Bikerdream.de ist eine äußerst informative Motorrad-Reiseseite, die stets durch neue ausführliche Reiseberichte, Bilder und Videos erweitert wird. Vor allem die Reisetipps zu den jeweiligen Zielen sind für andere Motorradreisende sehr wertvoll. Die auf der Seite veröffentlichten Reiseberichte werden regelmäßig in Motorradreisemagazinen wie dem Tourenfahrer oder ReiseMotorrad publiziert. Desweiteren können die Touren als Video auf DVD im angefügten Online-Shop bestellt werden.

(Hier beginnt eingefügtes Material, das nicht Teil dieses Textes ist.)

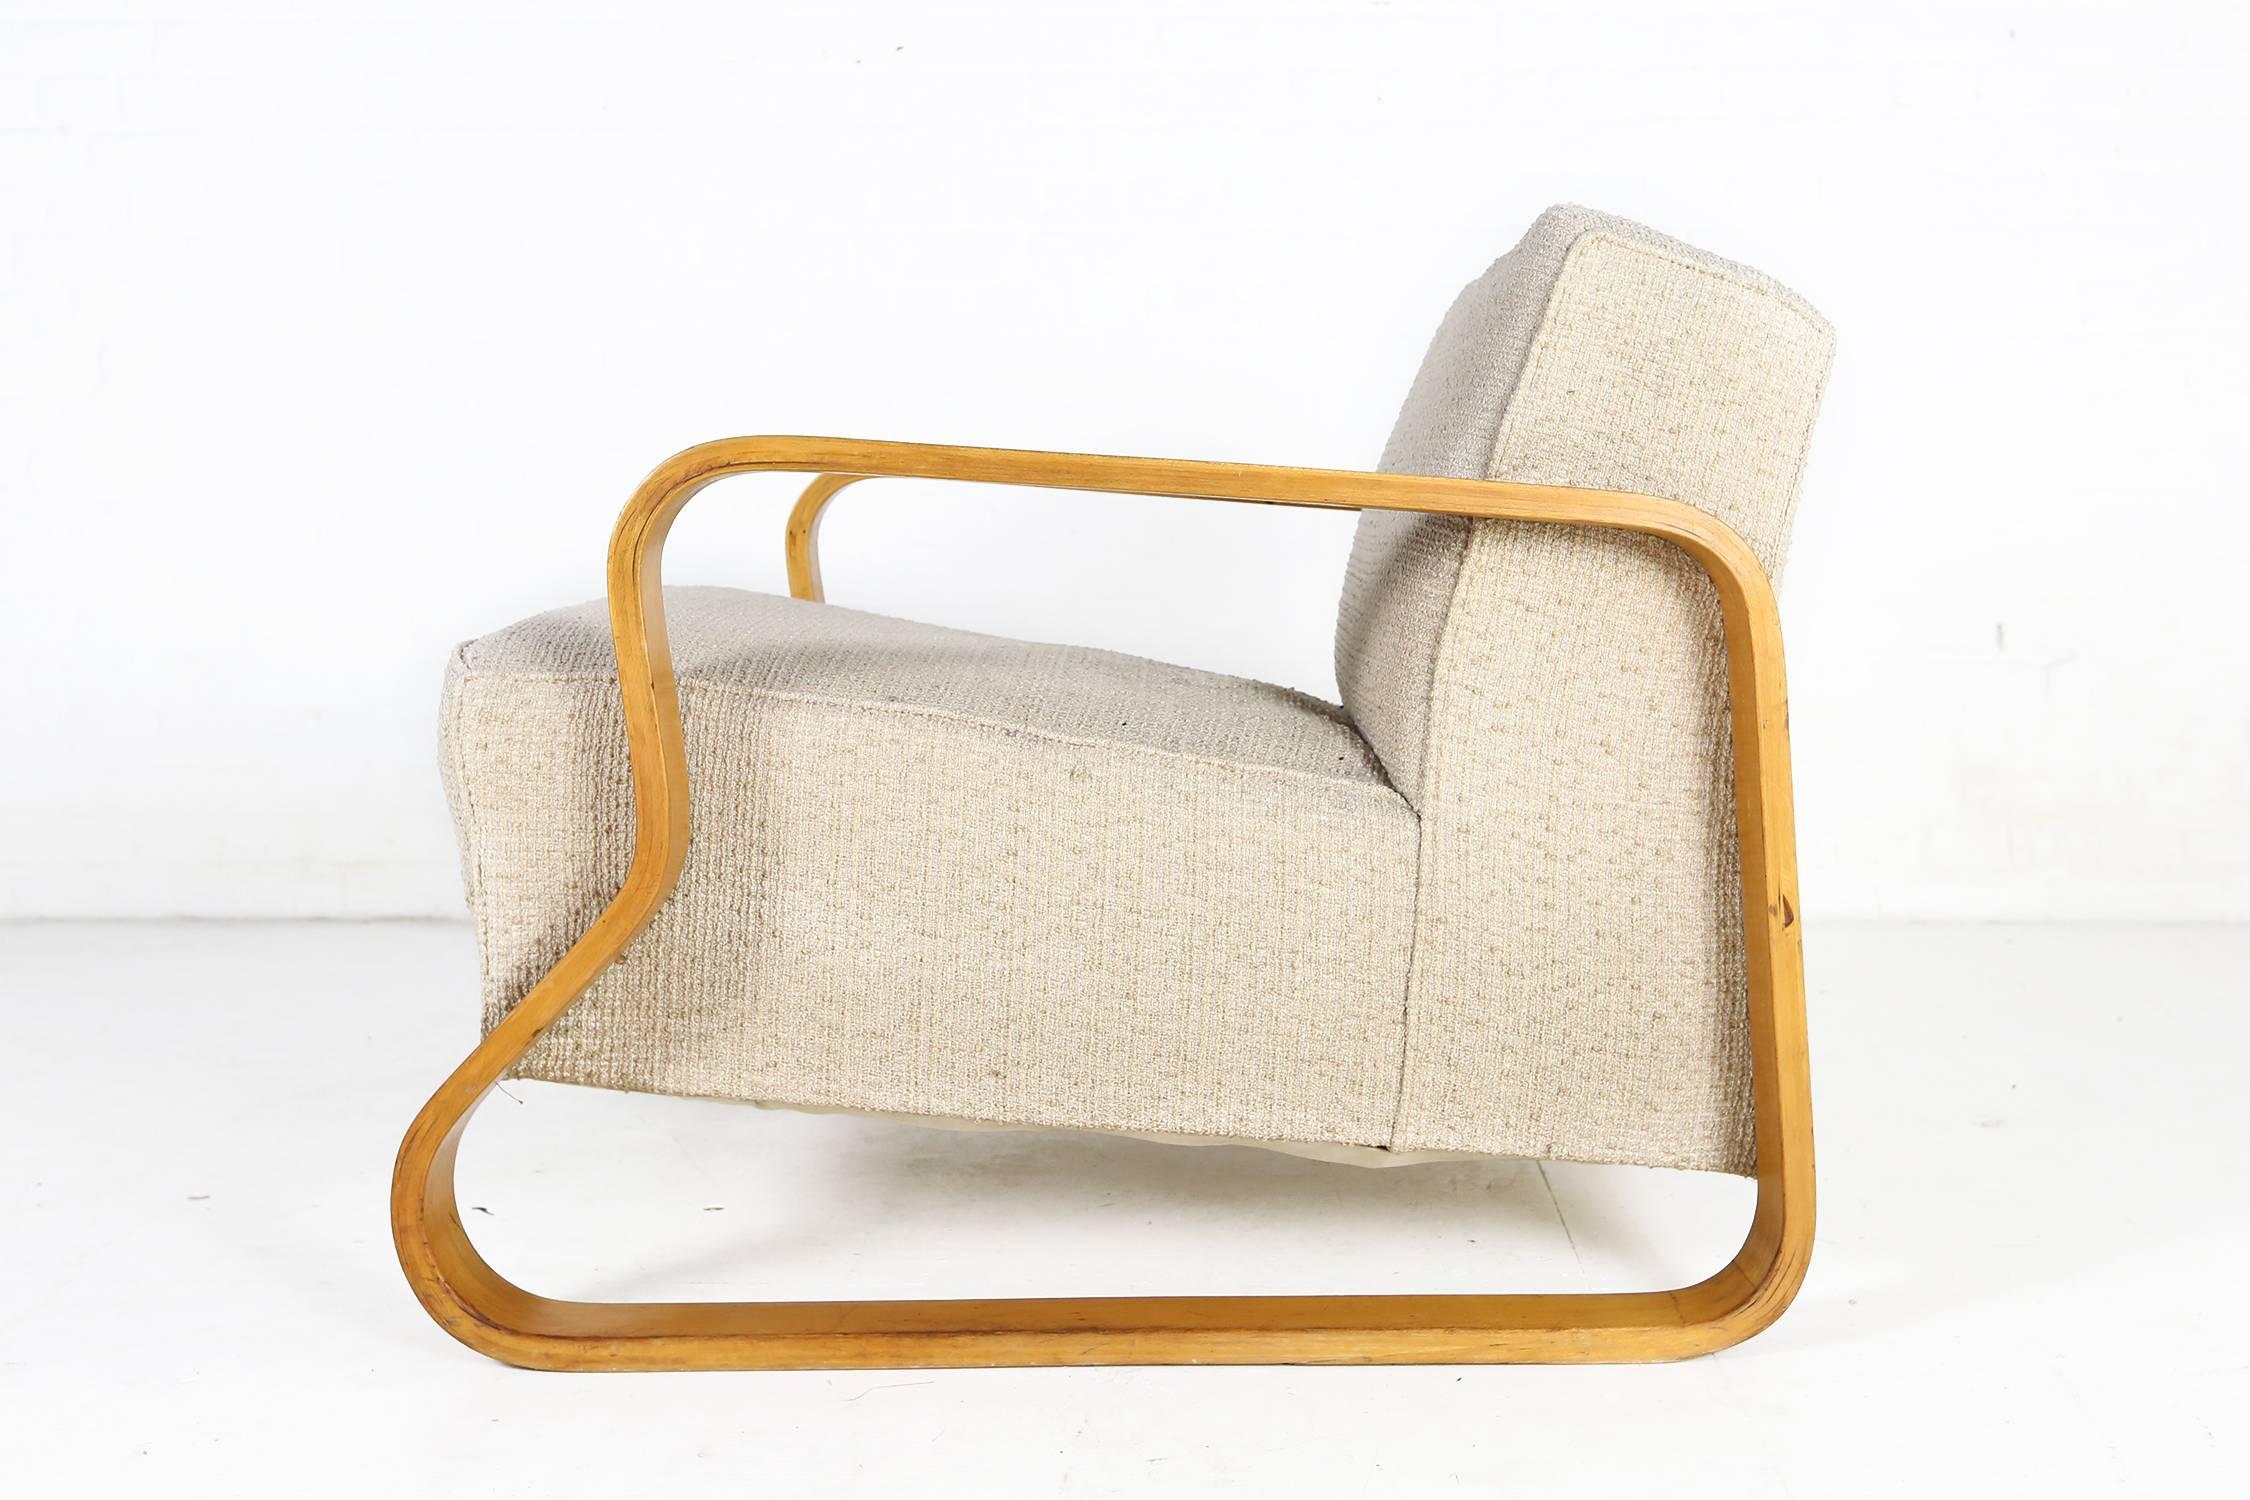 Model 44 lounge chair by Alvar Aalto, made in Finland, circa 1930.

The low-set Aalto Lounge chair was first designed by Alvar Aalto in 1935. Aalto developed a revolutionary technique for bending thick layers of birch laminate into indented closed

Aktuell befindet sich die Reise durch Rumänien mit Berichten einer Karpaten-Tour in Arbeit und soll in Kürze veröffentlicht werden. Die Tour führte das Team durch die Regionen Banat, Oltenien, Transsilvanien, Bukovina und Maramures. Der Bericht erscheint wie gehabt mit zahlreichen Texten, Bildern und Videos.
Das Portal trägt die Handschrift zweier reisefreudiger Motorradfahrer - absolut lesenswert.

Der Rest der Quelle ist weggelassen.